OCC stresses innovation in new rule authorizing exemptions to suspicious activity reporting requirements

21 April 2022 19:14


A US banking regulator is pushing innovation in anti-money laundering compliance as it prepares authorize the granting of exemptions to a requirement on reporting suspicious transactions.

For years, financial regulators have urged banks to experiment with new products to help combat money laundering and other illicit financial activity. And banks have done so, according to the text in a new rule from the Office of the Comptroller of the Currency (OCC) that takes effect May 1.

Banks are already automating form population and limited investigative processes, and they are enhancing their capabilities using products such as machine learning software and artificial intelligence, according to the OCC rule. New technologies are expected to prompt additional innovative approaches, some of which may not explicitly comply with certain provisions of the OCC’s regulations regarding the reporting of suspicious activity, the rule said.

The global anti-money laundering software market reached $1.63 billion in 2021 and is expected to grow rapidly through the decade, reaching $5.77 billion in 2030, according to an analysis released in February by the marketing research firm Emergen Research.
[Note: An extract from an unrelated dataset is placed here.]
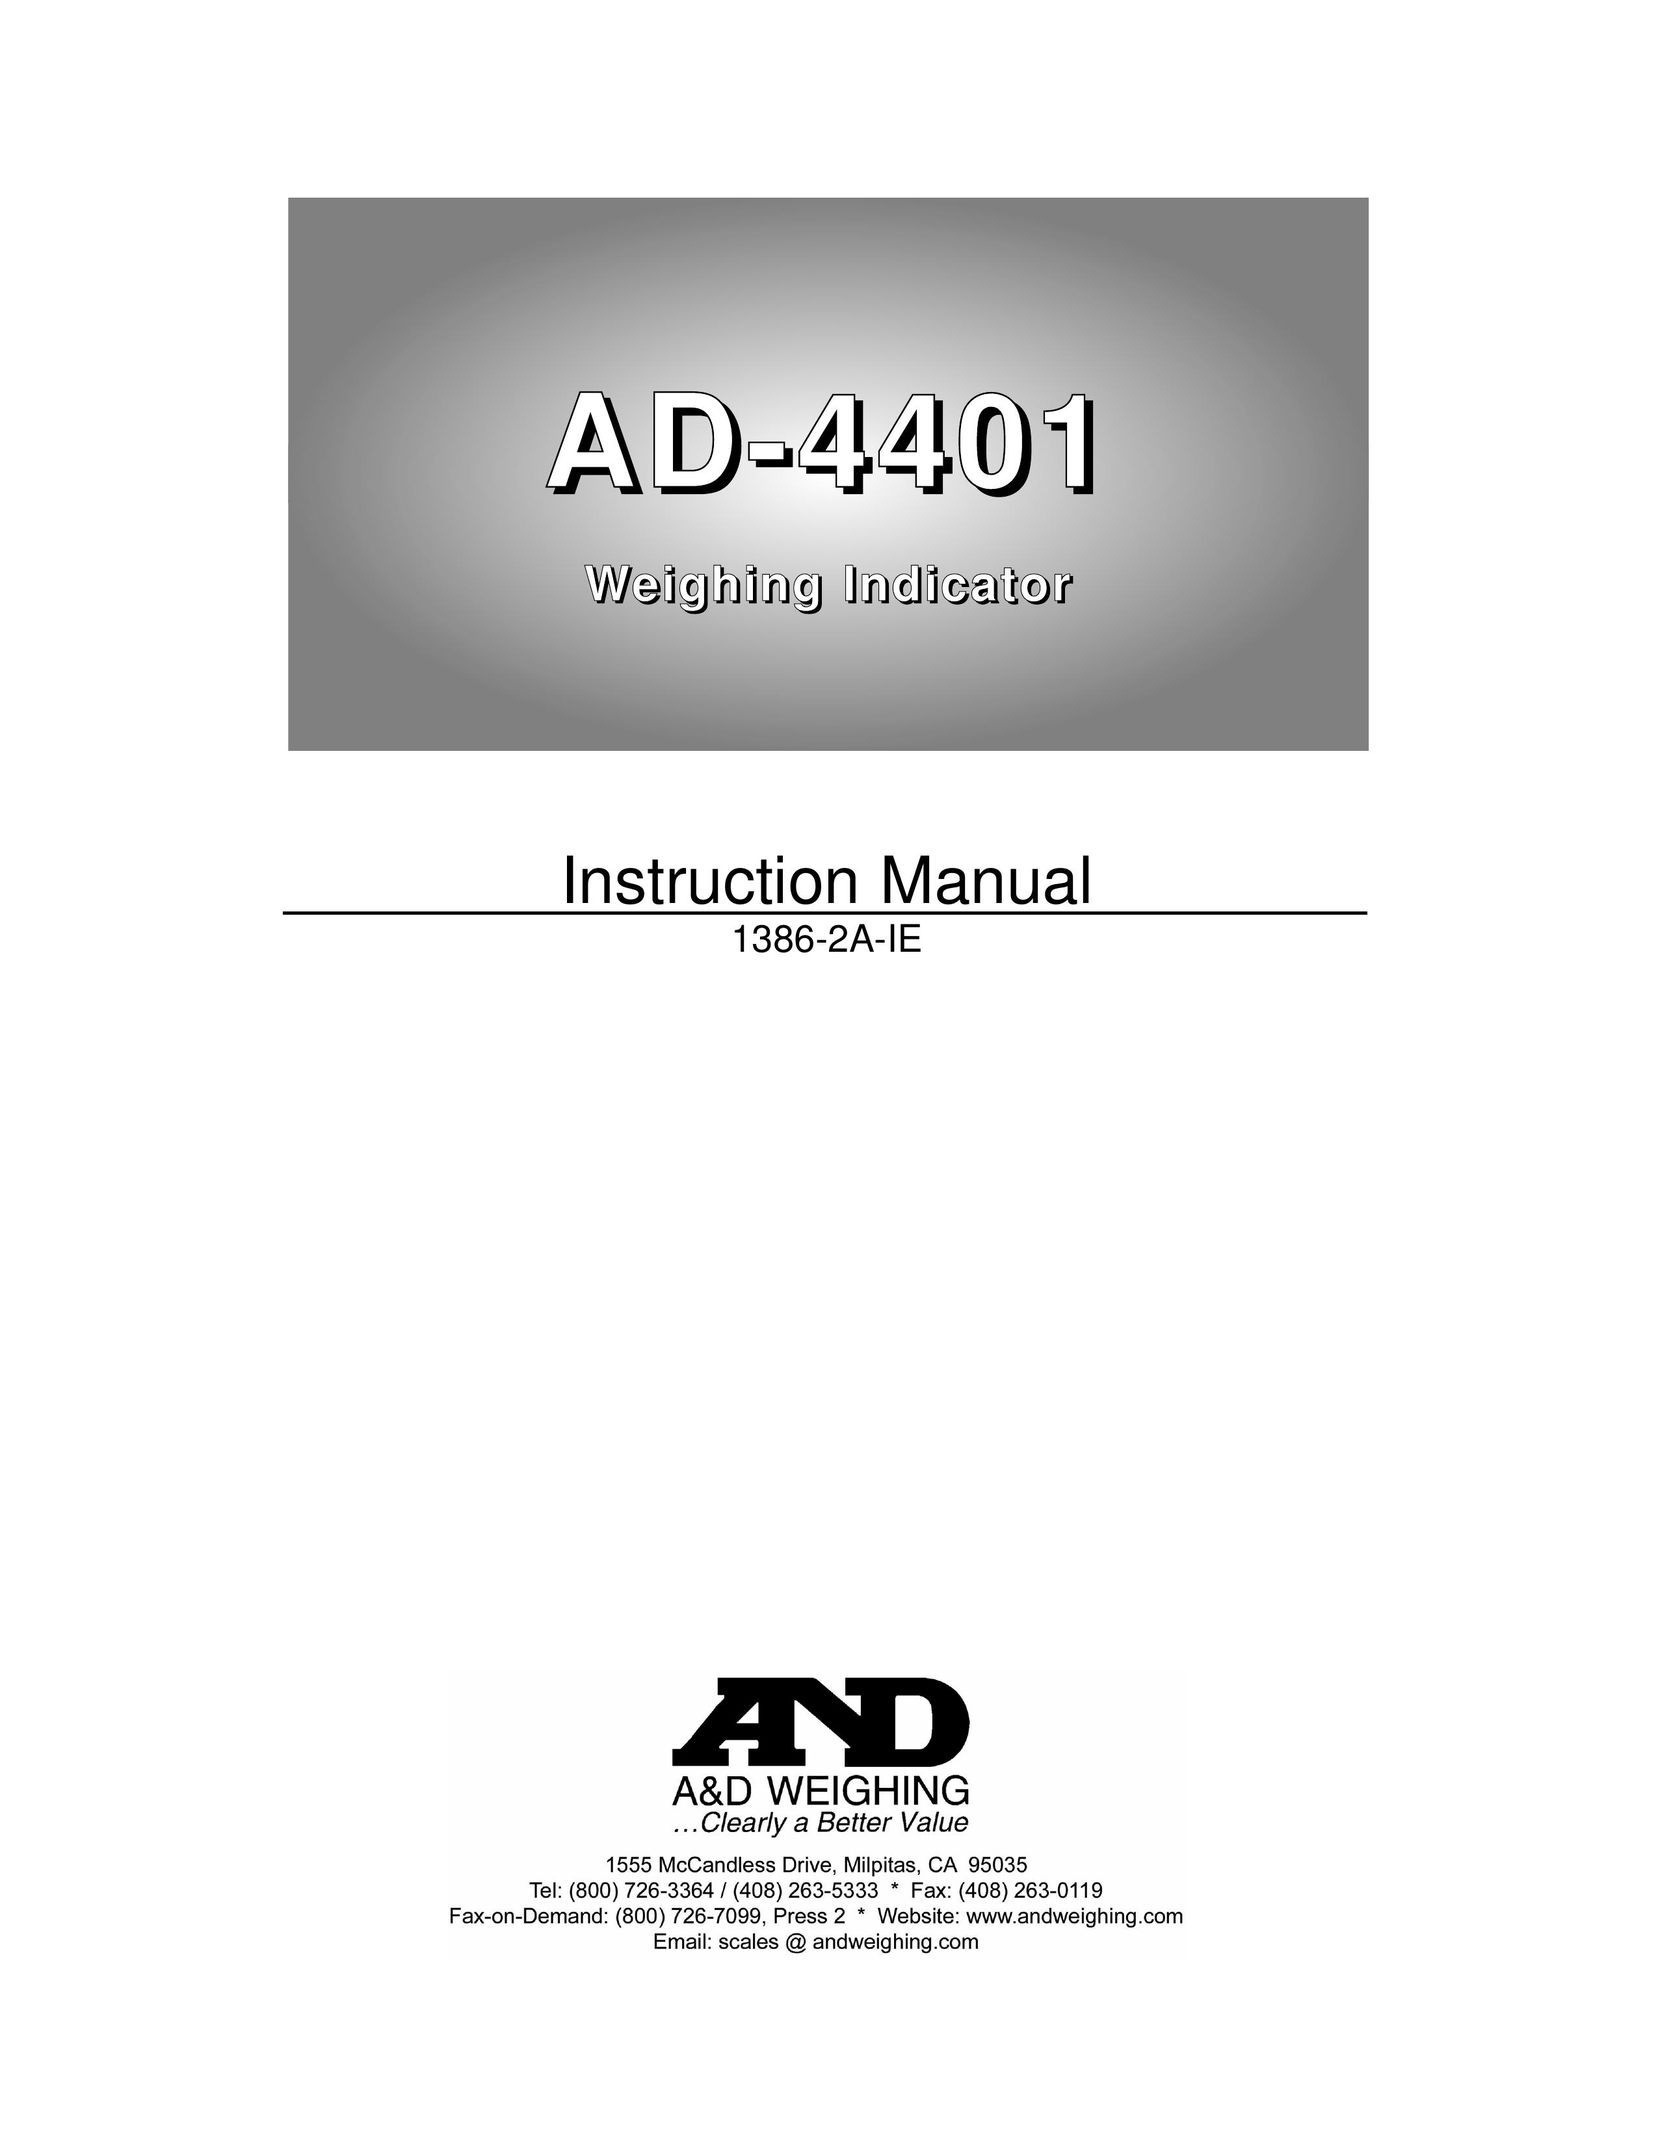 A&D AD-4401 Fitness Equipment User Manual

In a bid to push demand, the OCC wants to free banks up to continue their experimentation.

“As financial technology and innovation continue to develop in the area of monitoring and reporting financial crime and terrorist financing, the OCC has identified a need for regulatory flexibility to grant exemptive relief when appropriate,” the rule said. “The exemption authority in the final rule is consistent with the OCC's support for the reallocation of bank compliance resources to their most effective uses.”

The OCC’s final rule was announced March 16, and it issued a reminder bulletin last week.
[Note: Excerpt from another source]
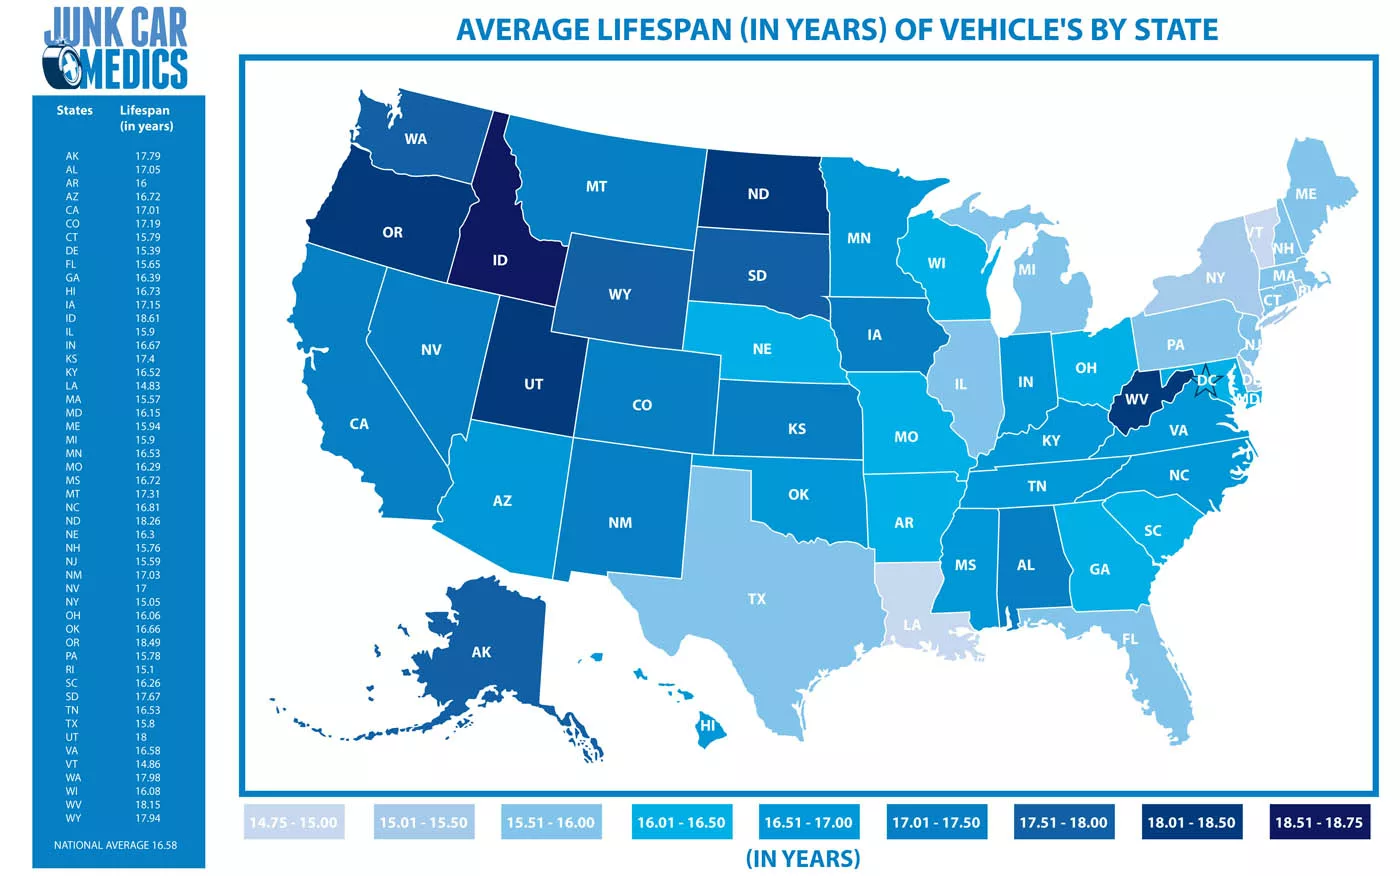 Average lifespan of vehicles by state

The rule does not itself grant exemptions to filing suspicious activity reports, but it clarifies the legal authority for the OCC to issue them in the future, the bulletin noted. It also harmonizes the OCC’s legal authority to grant exemptions with that of the US Treasury Department’s Financial Crimes Enforcement Network (FinCEN) and establishes a process for the OCC to bring forth changes required under an anti-money laundering law passed in 2020, the bulletin said.
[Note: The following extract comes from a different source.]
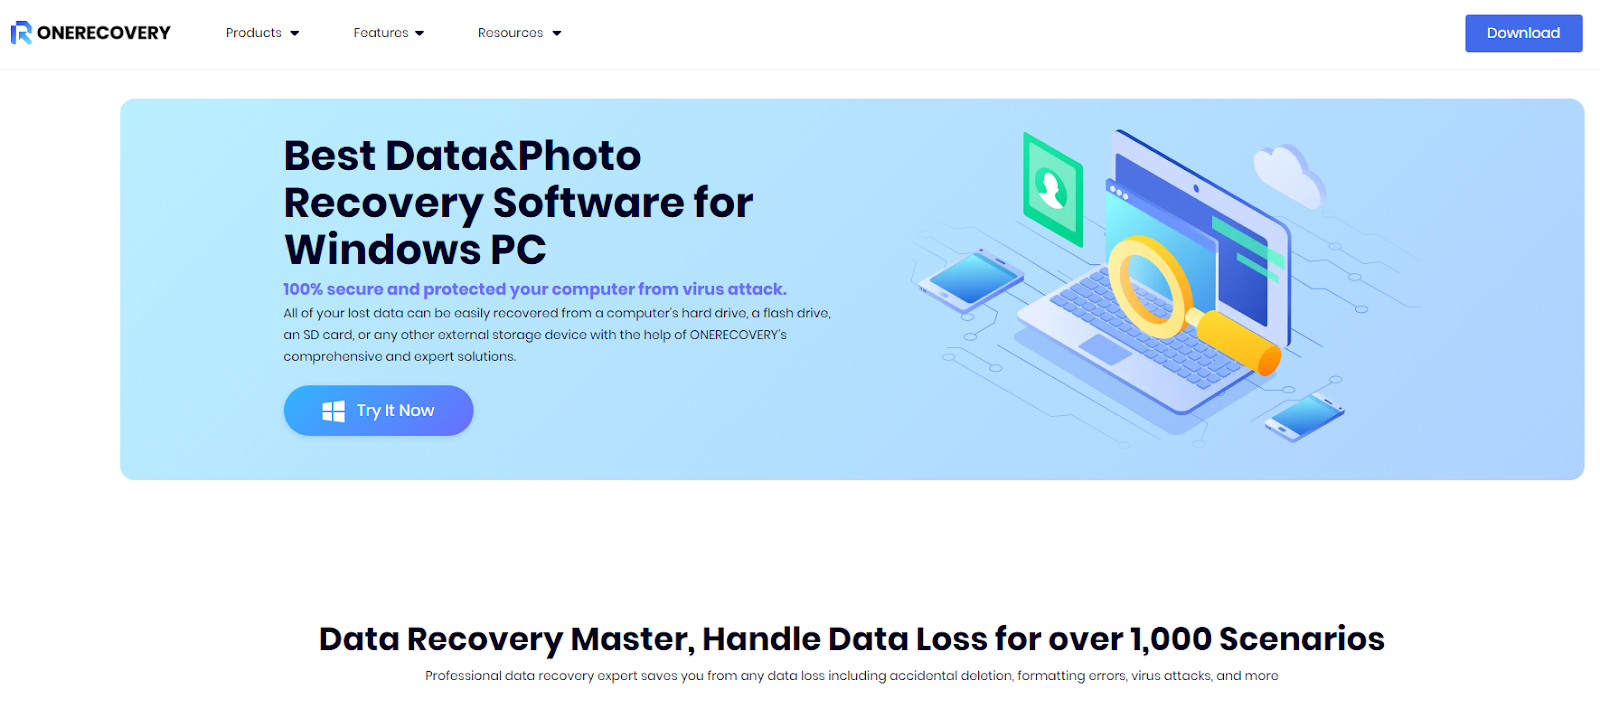 ONERECOVERY Facebook Data Recovery

Suspicious activity reports are documents filed to the US government if a regulated financial institution such as a bank, casino or money-services business suspects a transaction may involve proceeds of fraud, money laundering, cybercrime or other illicit financial activity. This year thus far, there have been nearly 900,000 such reports filed, according to figures on FinCEN’s website. More than 3 million reports were filed in 2021, the FinCEN figures show.

The OCC’s new rule is not identical but is “substantially similar” to the suspicious activity reporting obligations required by FinCEN, it said. Existing OCC regulations didn’t the contain exemption authorities granted to FinCEN, causing a disparity that made it more difficult for the regulator to provide relief that didn’t fit squarely within the regulatory requirements.

Banks seeking an exemption to the OCC’s rule must submit a request to the agency in writing and may have to file a separate request to FinCEN. For requests requiring separate approvals, the agencies will coordinate, according to the OCC rule. Upon receipt, the OCC will consider the request, weighing it against the purposes of the law and the principles of safe and sound banking, the rule said. The regulator will then provide a written response to the request.

“The final rule's exemption authority, like FinCEN's exemption authority, is drafted broadly and flexibly to handle unexpected situations,” the rule said. “However, the OCC does not expect to use this exemption authority to issue sweeping exemptions that would undermine the value provided by [suspicious activity reports].”